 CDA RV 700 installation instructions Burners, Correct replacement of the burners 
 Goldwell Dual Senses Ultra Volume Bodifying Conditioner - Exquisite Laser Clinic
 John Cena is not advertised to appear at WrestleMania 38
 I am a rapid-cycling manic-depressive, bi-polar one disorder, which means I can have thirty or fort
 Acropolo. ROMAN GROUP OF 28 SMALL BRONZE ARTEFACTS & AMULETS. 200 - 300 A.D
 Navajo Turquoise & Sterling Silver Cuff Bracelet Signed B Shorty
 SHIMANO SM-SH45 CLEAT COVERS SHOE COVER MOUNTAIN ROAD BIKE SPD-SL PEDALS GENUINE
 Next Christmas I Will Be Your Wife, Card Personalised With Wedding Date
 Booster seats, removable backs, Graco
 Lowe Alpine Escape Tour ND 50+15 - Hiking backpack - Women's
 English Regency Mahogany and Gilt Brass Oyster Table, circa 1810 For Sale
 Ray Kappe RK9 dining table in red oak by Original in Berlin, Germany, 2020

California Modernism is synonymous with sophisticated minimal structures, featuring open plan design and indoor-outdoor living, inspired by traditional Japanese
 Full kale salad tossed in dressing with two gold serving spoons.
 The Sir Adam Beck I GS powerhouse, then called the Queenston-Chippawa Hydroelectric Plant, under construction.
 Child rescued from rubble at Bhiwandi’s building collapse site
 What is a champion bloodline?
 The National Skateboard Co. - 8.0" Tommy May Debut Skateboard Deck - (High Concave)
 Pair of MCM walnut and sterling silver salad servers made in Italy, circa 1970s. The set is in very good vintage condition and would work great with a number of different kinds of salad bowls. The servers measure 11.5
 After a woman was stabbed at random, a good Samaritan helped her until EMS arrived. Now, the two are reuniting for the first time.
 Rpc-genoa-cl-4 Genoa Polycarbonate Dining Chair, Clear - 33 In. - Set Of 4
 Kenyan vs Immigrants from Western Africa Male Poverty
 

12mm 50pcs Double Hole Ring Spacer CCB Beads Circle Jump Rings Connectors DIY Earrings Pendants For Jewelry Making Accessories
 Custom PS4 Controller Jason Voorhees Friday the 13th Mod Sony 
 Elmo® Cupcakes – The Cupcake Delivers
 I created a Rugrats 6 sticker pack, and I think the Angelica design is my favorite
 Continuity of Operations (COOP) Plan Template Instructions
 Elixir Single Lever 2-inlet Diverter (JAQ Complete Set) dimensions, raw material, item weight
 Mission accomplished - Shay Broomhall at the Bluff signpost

======

Take exactly the lines from the one containing "Lowe Alpine Escape" through the one containing "The Sir Adam" in the data above, and output them with nothing added.

 Lowe Alpine Escape Tour ND 50+15 - Hiking backpack - Women's
 English Regency Mahogany and Gilt Brass Oyster Table, circa 1810 For Sale
 Ray Kappe RK9 dining table in red oak by Original in Berlin, Germany, 2020

California Modernism is synonymous with sophisticated minimal structures, featuring open plan design and indoor-outdoor living, inspired by traditional Japanese
 Full kale salad tossed in dressing with two gold serving spoons.
 The Sir Adam Beck I GS powerhouse, then called the Queenston-Chippawa Hydroelectric Plant, under construction.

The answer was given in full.